Upload a file to the CNC controller
AI agents use upload_to_sd to create or update resources in Cnc Fluidnc — usually the action step of a workflow, after the agent has gathered context. Every call changes real data in your Cnc Fluidnc environment.
This tool creates or stores new data on the CNC controller's SD card, making it a Write operation. Severity is high because malicious or corrupted uploads could cause the CNC machine to execute dangerous operations (collisions, incorrect cutting paths, safety violations), but the primary action is file storage rather than immediate execution.
From the tool's definition Tool uploads a file to the CNC controller's SD card storage. The description states 'Upload a file to the CNC controller', which is a write operation that modifies the controller's persistent storage.
Attacks that exploit this kind of access
Upload a file to the CNC controller. It is categorised as a Write tool in the Cnc Fluidnc MCP Server, which means it can create or modify data. Consider rate limits to prevent runaway writes.
Register the Cnc Fluidnc MCP server in PolicyLayer and add a rule for upload_to_sd: allow, deny, rate-limit, or require approval. Point your MCP client at the PolicyLayer proxy URL and the rule is enforced on every call, before it reaches Cnc Fluidnc. Nothing to install.
upload_to_sd is a Write tool with medium risk. Write tools should be rate-limited to prevent accidental bulk modifications.
Yes. Add a rate_limit block to the upload_to_sd rule in your PolicyLayer policy. For example, setting max: 10 and window: 60 limits the tool to 10 calls per minute. Rate limits are tracked per agent session and reset automatically.
Set action: deny in the PolicyLayer policy for upload_to_sd.
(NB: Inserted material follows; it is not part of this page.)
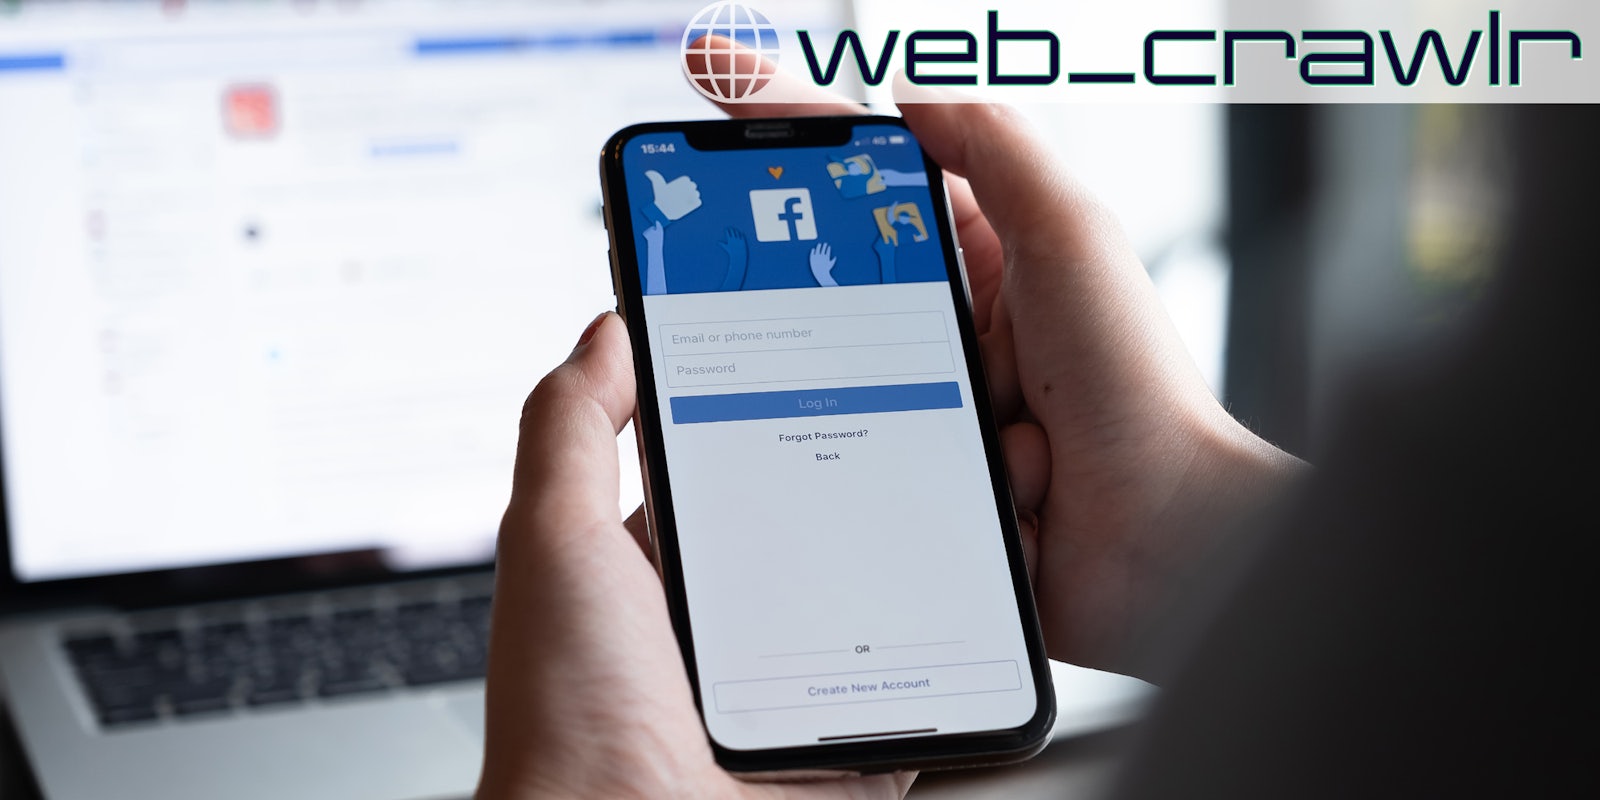 A person holding a smartphone with the Facebook login screen on it. The Daily Dot newsletter web_crawlr logo is in the top right corner.

The AI agent will receive a policy violation error and cannot call the tool. You can also include a reason field to explain why the tool is blocked.
upload_to_sd is provided by the Cnc Fluidnc MCP server (whitneydesignlabs/cnc-fluidnc-mcp). PolicyLayer sits as a proxy in front of this server to enforce policies before tool calls reach the server.
Every MCP server has a record like this.
Type a name, get the same breakdown: verified identity, auth posture, risk grade, capabilities, recommended policy.